Das beeindruckte mich.
In letzter Zeit verteile ich manchmal vom Fahrrad aus Flyer an Leute mit Hunden. Und auf meiner Morgenrunde. Ohne Rad. Alles für das Buch und mit kurzer Ansprache.

Ich promote mich. Er promotet sich.
Jeder auf seine Art. Mal mehr, mal weniger erfolgreich. Alle in einem Boot.
Alles im Fluss. Und wenn ich nichts gebe, kriege ich auch nichts.

Ich gab ihm ein zwei Eurostück. Zu sagen, dass das auch für mich nicht wenig Geld war, verkniff ich mir und schämte mich, dass ich ihm nicht den Fünferschein in die Hand gedrückt hatte, der noch in meinem Portemonnaie steckte.
Dann ging und fuhr jeder seinen Weg.




Tags drauf – von heute aus gesehen gestern – und beide in den gleichen Klamotten wie tags zuvor, sah ich ihn in der Sanderstraße.
Ich erkannte ihn schon von Weitem.
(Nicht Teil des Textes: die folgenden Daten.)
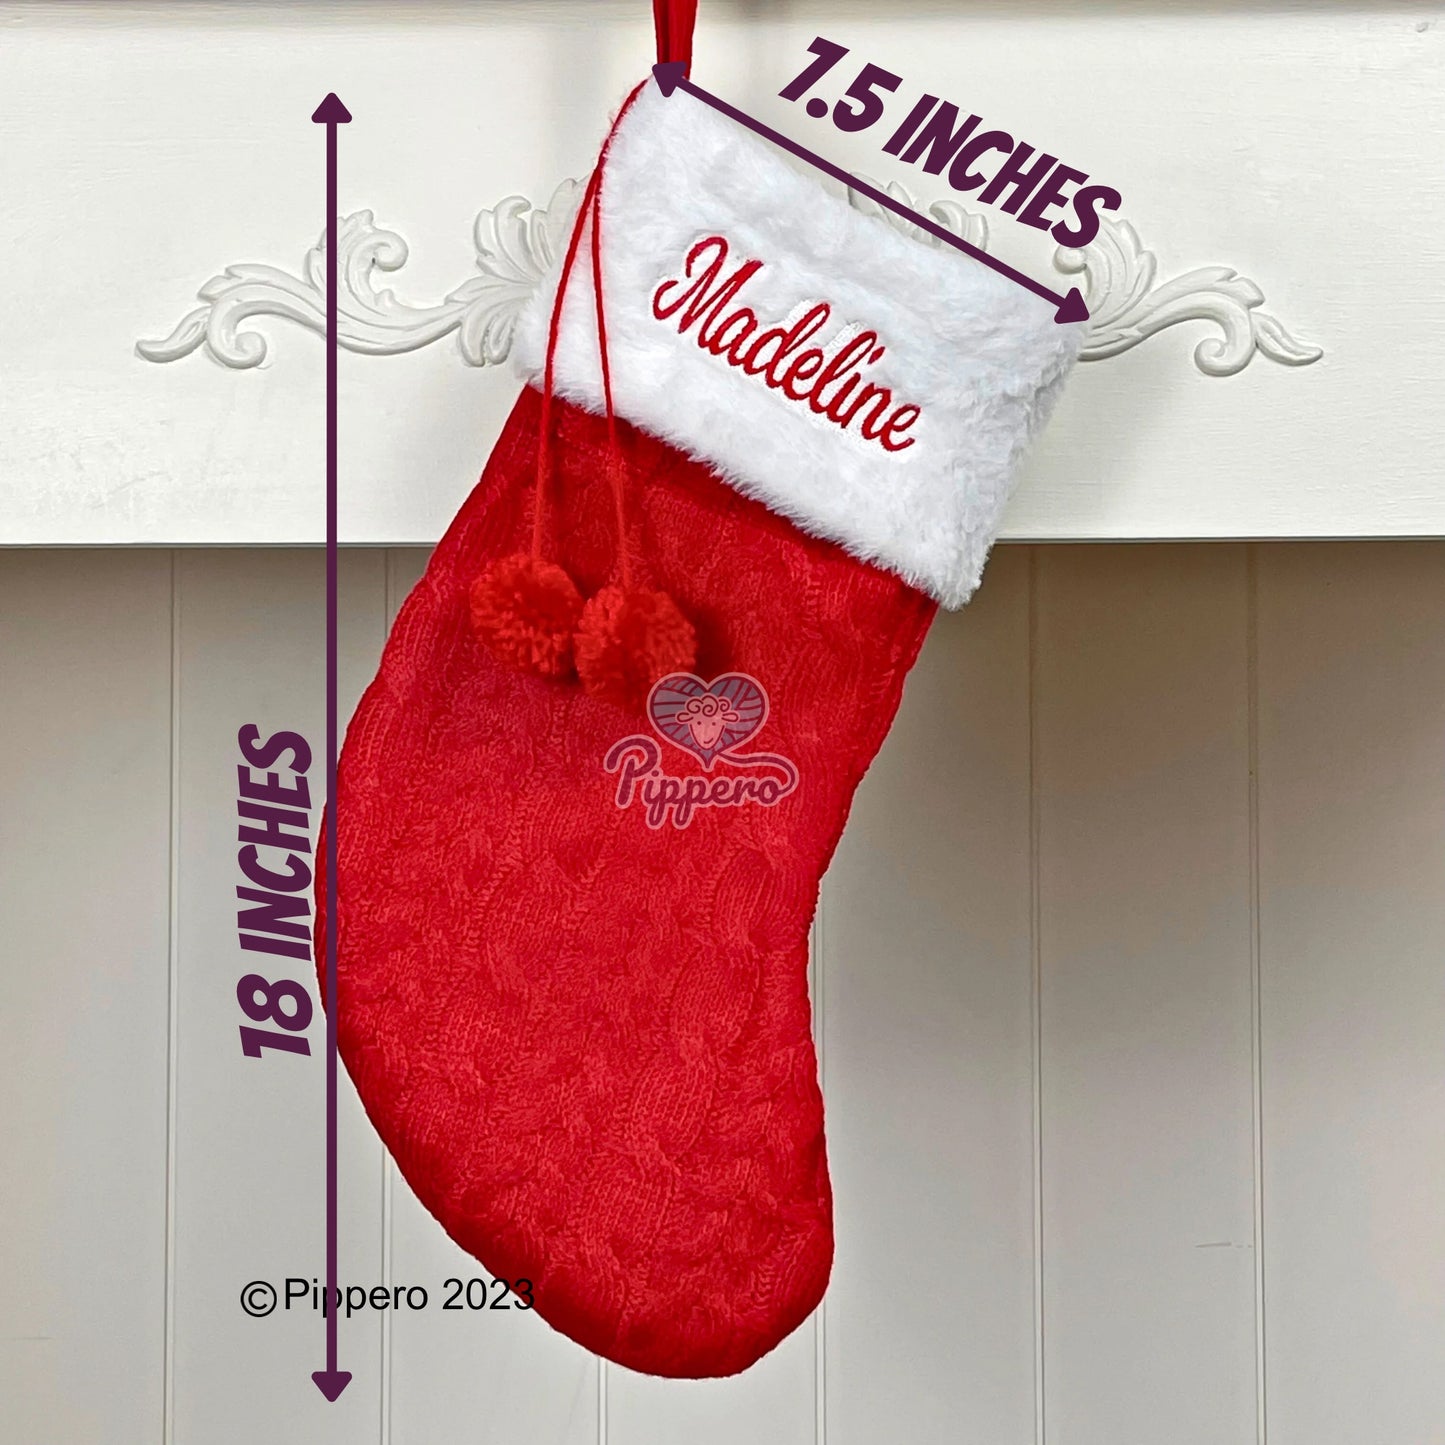 Custom Personalized Embroidered Classic Family Christmas Stockings with Furry Cuff and Poms Red Green White
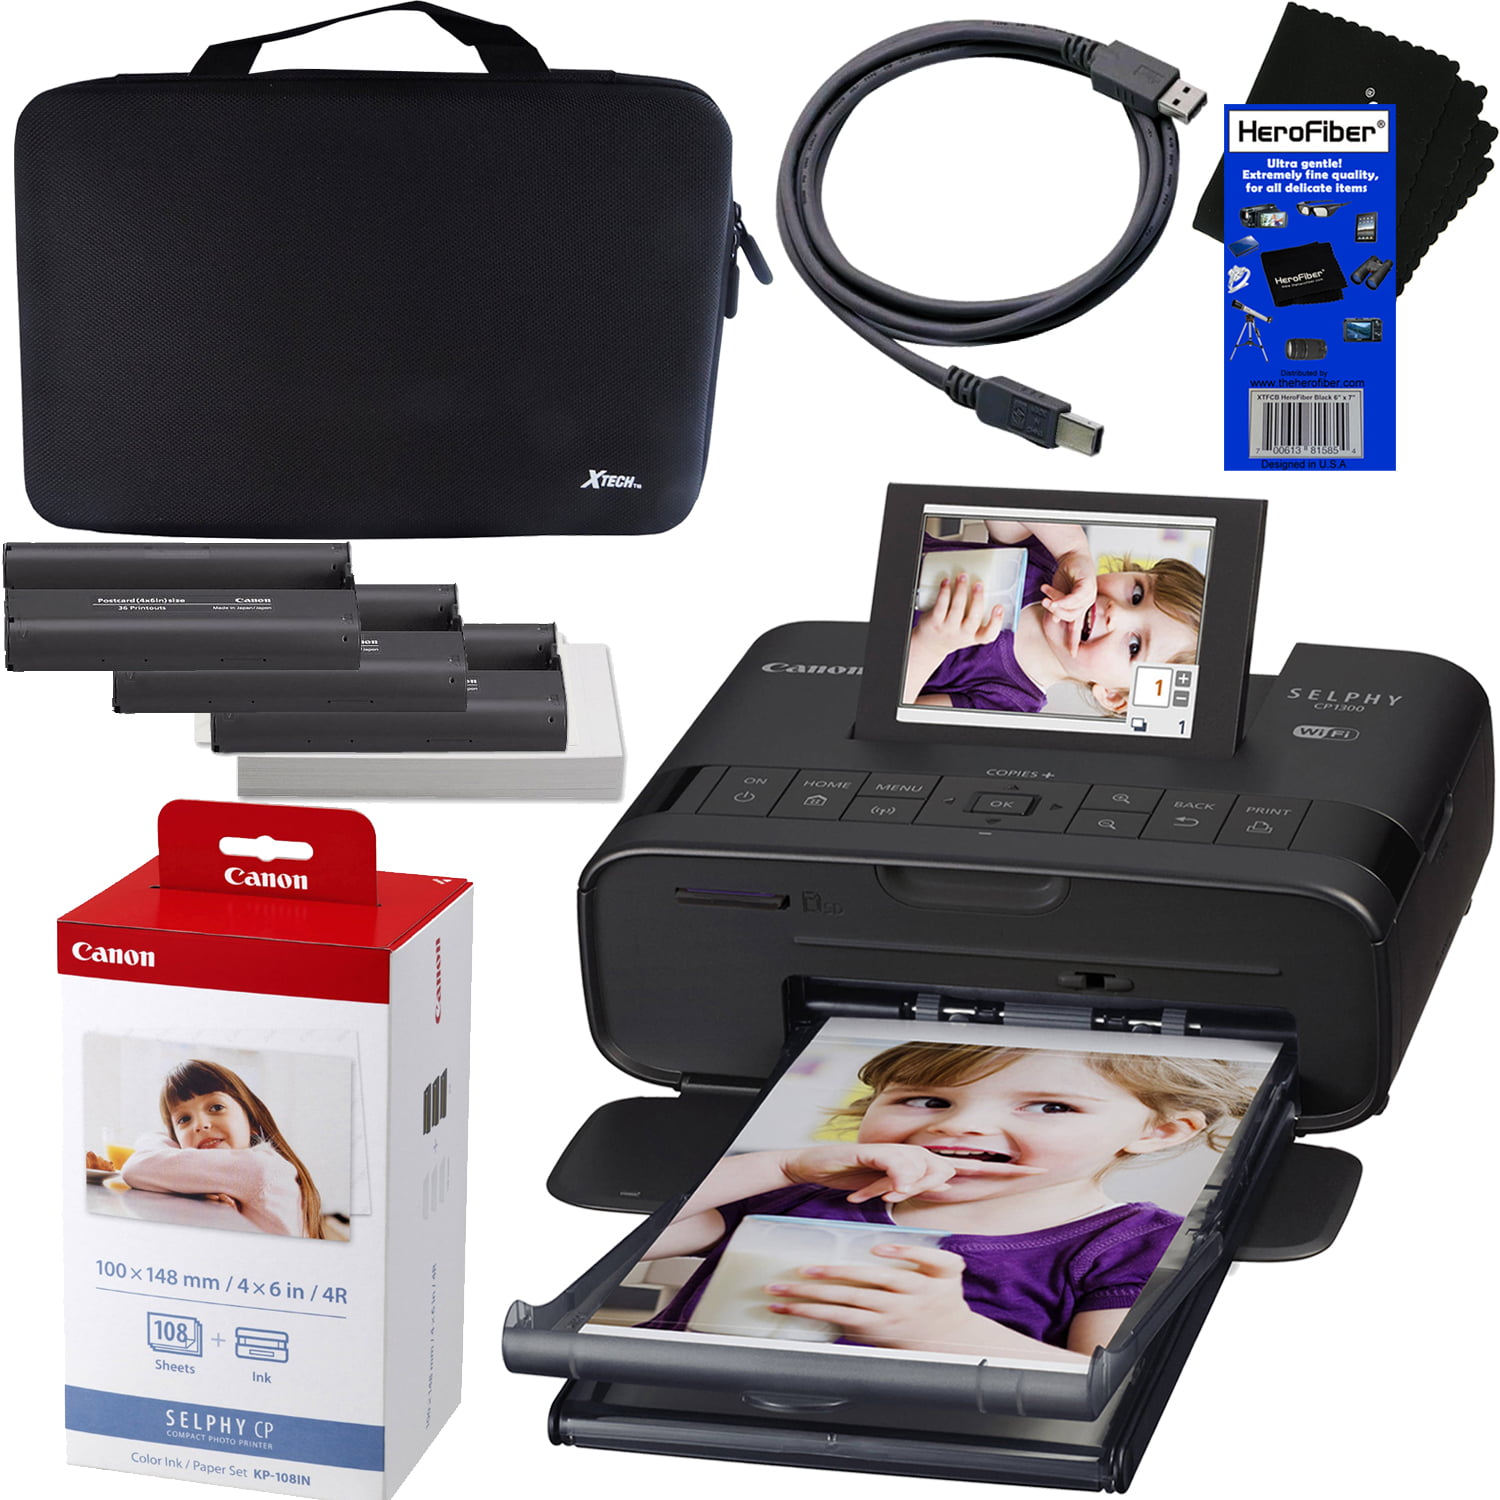 USB Printer Cable Black Canon SELPHY CP1300 Wireless Compact Photo Printer + Xtech Custom Case + Canon KP-108IN Color Ink Paper Set HeroFiber Cleaning Clot Produces up to 108 of 4 x 6 prints

Er redete mit einer Frau. Komisch, warum sahen seine Beinchen heute so sonnengebräunt aus? Auch sein Gesicht war nicht ganz so bleich, wie in meiner Erinnerung.
Gestern bestimmt schlimmen Kater gehabt. Wäre ja gut, wenn es ihm besser ginge.

Als ich mich den beiden näherte, hörte ich, dass er der Frau die gleiche Geschichte wie tags zuvor mir erzählte. Sie schüttelte ihren Kopf. Und ging.

Er fluchte. Und sprach mich an.
Ich schüttelte meinen Kopf und grinste.
Er fing an zu kreischen, wie bekackt die Leute doch drauf wären, dass alle in ihrem Wohlstand verrecken sollten und dass ich voll die blöde Schlampe sei.
Ich hielt an. Drehte mich um.
Sie haben gestern etwas von mir bekommen, sagte ich.
Er schrie: Ach nee, gestern, wann und wo soll das denn gewesen sein? Und dann noch ein Schimpfwort.
Um 11.30h in der Pfuelstraße, erwiderte ich sehr höflich. 
He? Ach, die paar Kröten, glaubste (Schimpfwort) davon kannich leben (Schimpfwort)?
Ich hielt ausnahmsweise mal meinen Mund. Und ging weiter. Alles im Fluss.